Revised Recommendation: Two Hard Gates + Checklist
Hard Gate 1: Plan Before Implement (mechanical)
Mechanism: pi-teams plan approval mode When: Builder-reviewer submits plan to lead inbox before editing files Lead action: Approve or reject with feedback Wild precedent: Claude Code team plan approval (identical pattern)
Hard Gate 2: Validate Before Close (mechanical)
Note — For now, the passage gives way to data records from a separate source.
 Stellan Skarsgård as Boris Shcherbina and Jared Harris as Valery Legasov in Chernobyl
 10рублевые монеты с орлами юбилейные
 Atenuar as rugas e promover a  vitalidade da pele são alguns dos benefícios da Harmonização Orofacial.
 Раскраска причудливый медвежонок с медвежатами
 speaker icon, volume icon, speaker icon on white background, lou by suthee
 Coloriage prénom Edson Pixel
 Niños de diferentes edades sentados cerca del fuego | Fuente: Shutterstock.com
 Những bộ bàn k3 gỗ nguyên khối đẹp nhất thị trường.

Mechanism: Builder-reviewer runs make, reports result
When: After implementation, before closeout
Lead action: Review validation, decide close vs rework
Wild precedent: SWE-agent runs tests before submitting PR
Everything Else: Lead-Owned Checklist
☐ T0: Lead identifies issue, writes scope
☐ T1: Researcher reviews code/docs, writes findings
☐ T2: Lead drafts approach
☐ T3: Lead dispatches chunks
☐ → HARD GATE: Plan approval
☐ T4: Builder-reviewer implements
☐ T5: Builder-reviewer validates
☐ → HARD GATE: Validation review
☐ T6: Researcher reviews diff (optional)
☐ T7: Lead writes closeout
Stages can be concurrent or skipped. Trivial issues skip T1 (research). Simple fixes skip T6 (diff review).
Duration Caps
| Phase | Target | Hard Cap |
|---|---|---|
| T0-T3 (pre-implementation) | 20 min | 45 min |
| T4 (implement) | 30 min | 60 min |
| T5-T7 (post-implementation) | 15 min | 30 min |
Coordination: Inbox Messages, Not Formal Acknowledges
Following the Claude Code teams pattern: 1. Lead creates task on pi-teams task board 2. Researcher checks board, researches, reports via inbox 3. Lead reviews, sends plan to builder-reviewer 4. Builder-reviewer submits plan (plan approval mode) 5. Lead approves → builder-reviewer implements 6. Builder-reviewer reports completion + validation 7. Lead reviews, closes task, writes closeout note
No formal "acknowledge" actions needed — inbox messages are sufficient for a 3-agent team.
Role Mapping
| Role | Checklist Items | Gates |
|---|---|---|
| lead | T0, T2, T3, T7 | Both hard gates |
| researcher | T1, T6 (advisory) | None |
| builder-reviewer | T4, T5 | Must pass validation gate |
Risks / Failure Modes
- Over-engineering trap: The original 7-gate design with mandatory artifacts at each stage is more complex than anything in production use. Risk of agents spending more time on lifecycle paperwork than coding.
- Plan approval bottleneck: If lead is slow to approve, builder-reviewer sits idle. Mitigation: 10-minute approval timeout, then builder-reviewer escalates to human.
- Checklist fatigue: Even with only 2 hard gates, 7 checklist items may feel heavy. Monitor after 3 tasks.
Schedule Adherence Test
After the first 3 real tasks, check: are agents hitting the 20/30/15 minute targets? If consistently over, reassess caps or simplify further.
Decisions Needed From Mehdi
- Adopt "two hard gates + checklist" model? (Recommended: yes. Matches wild precedent, still provides structure.)
- Enable plan approval mode? (Recommended: yes — consistent with Q-01 and Q-02 recommendations.)